Madonna sekali lagi membuktikan bahwa bakat dan legenda tak pernah usang, dan dunia musik serta kreativitas semakin aktif bersinggungan dengan dunia keuangan digital. Album “Confessions II” debut di posisi pertama tangga lagu bergengsi Billboard 200, menjadi album kesepuluh yang paling laris dari penyanyi tersebut dan menduduki posisi pertama yang pantas di tangga lagu Amerika. Rilis ini dengan cepat mengumpulkan sekitar 134 ribu EQA (unit album setara), termasuk lebih dari 114 ribu penjualan, unduhan, dan puluhan juta streaming.
Posisi pertama Madonna di Billboard 200 serta dominasi Bitcoin dan Ethereum di industri kripto menunjukkan bahwa inovasi mengubah bisnis musik dan sektor keuangan global dengan kecepatan yang sama melalui perekonomian.

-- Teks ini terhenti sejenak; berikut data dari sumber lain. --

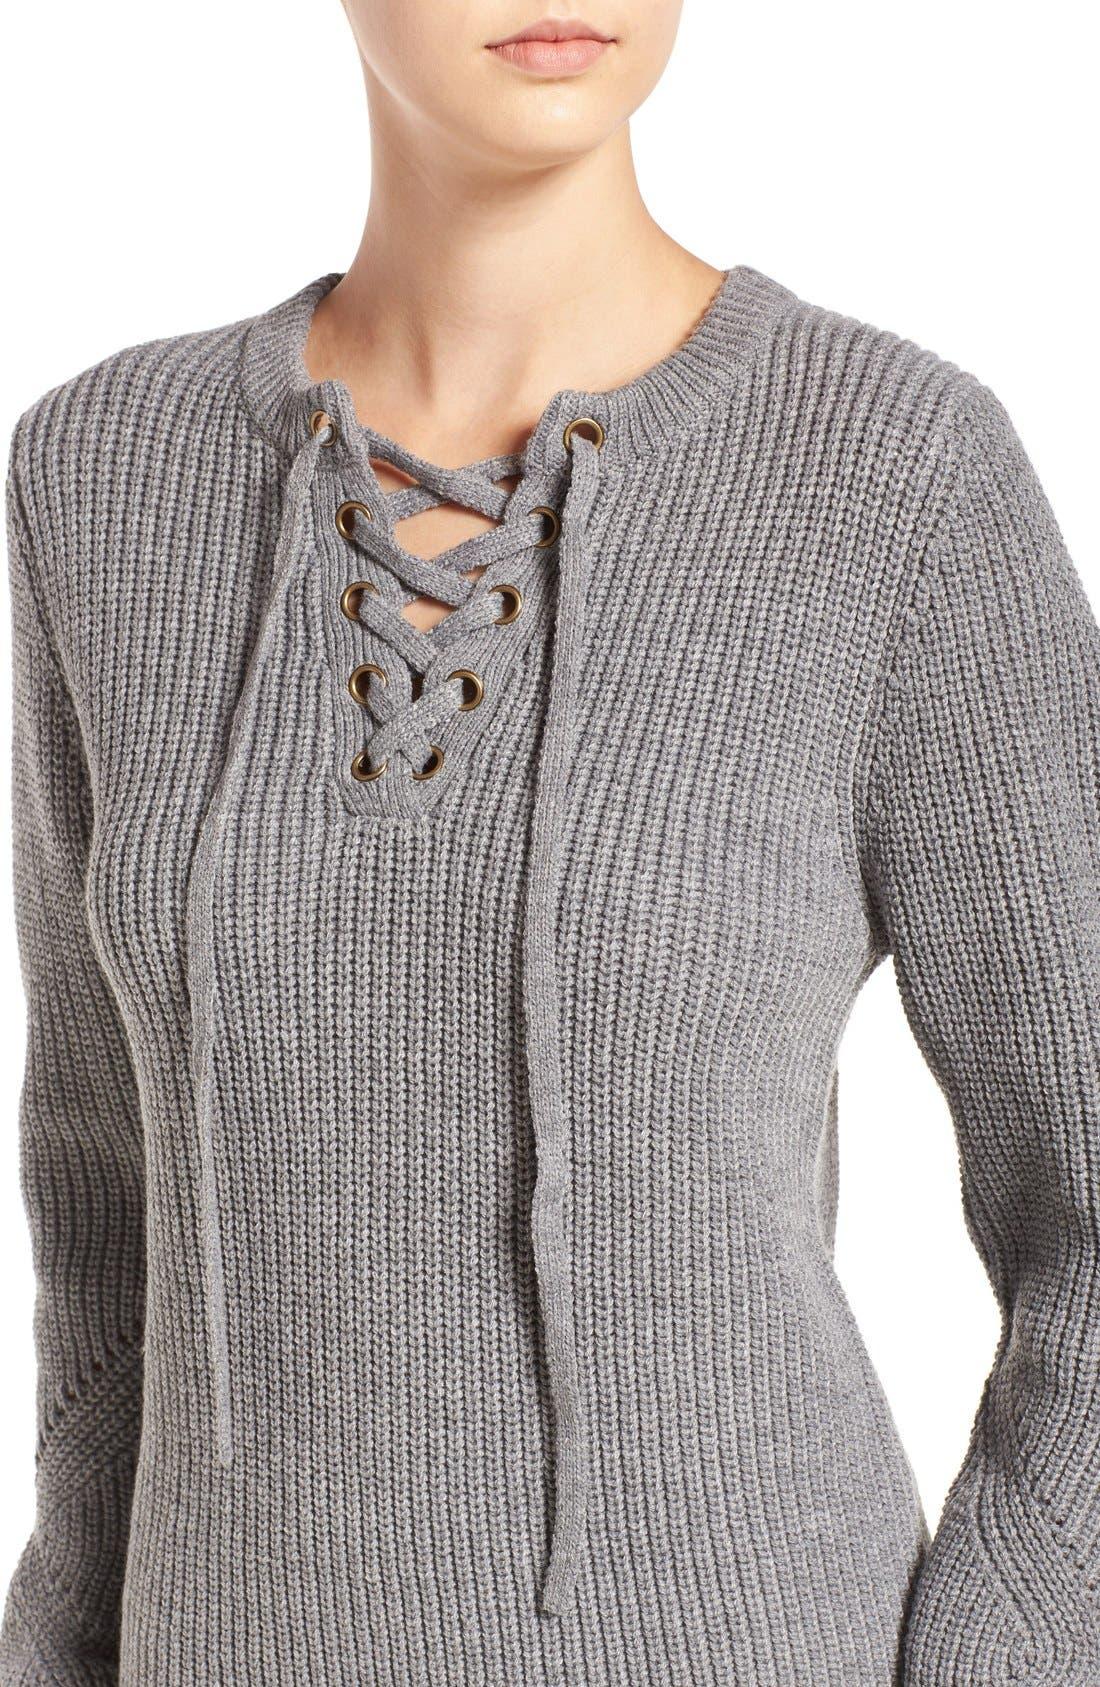 Alternate Image 4  - Elodie Rib Knit Lace-Up Sweater

Dan ini bukan lagi sekadar soal rasa ingin tahu biasa dan pembelian mata uang kripto, melainkan juga investasi dalam platform blockchain, solusi pembayaran digital, dan NFT. Terlebih lagi, bagi industri musik, blockchain membuka peluang yang benar-benar baru dan tak terbatas: pencatatan hak cipta yang transparan, pembayaran royalti internasional secara instan, tokenisasi proyek kreatif, serta transaksi langsung.
Industri hiburan modern tidak lagi terbatas pada studio rekaman – semakin banyak bintang pop, penyanyi, musisi, dan bahkan kritikus musik yang secara cermat mengikuti perkembangan Bitcoin (BTC) dan Ethereum (ETH), blockchain, serta Web3. Alasannya jelas: mata uang kripto semakin intensif dan sering digunakan sebagai alat pembayaran internasional, perlindungan sebagian tabungan, serta transfer lintas batas yang cepat. Meskipun demikian, aset kripto tetap cukup volatil dan tidak dapat dianggap sebagai pengganti yang sepenuhnya memadai bagi deposito bank atau rekening elektronik.
Di Amerika Serikat, di antara tokoh-tokoh terkemuka di industri musik yang secara terbuka mendukung atau berinvestasi dalam mata uang kripto adalah rapper, produser, aktor, dan pengusaha Amerika yang terkenal di seluruh dunia – 50 Cent, yang menerima pembayaran dalam bentuk Bitcoin untuk album “Animal Ambition”, rapper Nas – investor awal Coinbase, serta produser DJ Khaled – yang turut serta dalam berbagai proyek kripto.
Di Eropa, perhatian terhadap aset digital, melalui proyek-proyek Web3 Inggris, diberikan oleh rapper dan penulis lagu terkenal, aktor, serta produser musik Snoop Dogg (AS). Imogen Heap (Inggris) menciptakan proyek Mycelia untuk mengelola hak cipta dan secara aktif mempromosikan blockchain. Penyanyi, penulis lagu, komposer, dan aktris Björk (Islandia) – yang terkenal dengan vokal uniknya – merilis album “Utopia”.
Di Asia, G-Dragon (Korea Selatan), JJ Lin (Singapura), dan musisi Yoshiki (Jepang) menyatakan dukungan dan kerja sama mereka terhadap blockchain.
Peringkat internasional semakin sering menunjukkan tren bersama: kesuksesan di abad ke-21 terbentuk di persimpangan antara kreativitas, teknologi modern, dan literasi keuangan, dan semakin banyak orang yang memandang blockchain tidak hanya sebagai investasi keuangan, tetapi juga sebagai alat pengembangan bisnis.
Negara-negara yang masih memimpin dalam penerapan teknologi kripto adalah negara-negara di mana keuangan digital secara aktif diintegrasikan ke dalam industri kreatif, sehingga menciptakan sumber pendapatan dan keunggulan kompetitif baru. Di pasar kripto – Bitcoin dan Ethereum. BTC terus berperan sebagai aset cadangan digital utama, sementara Ethereum tetap menjadi ekosistem terbesar untuk keuangan terdesentralisasi (DeFi), kontrak pintar, NFT, dan tokenisasi aset riil. Yang penting: altcoin yang terkait dengan penskalaan blockchain, kecerdasan buatan, tokenisasi aset, dan infrastruktur terdesentralisasi memiliki prospek yang menjanjikan.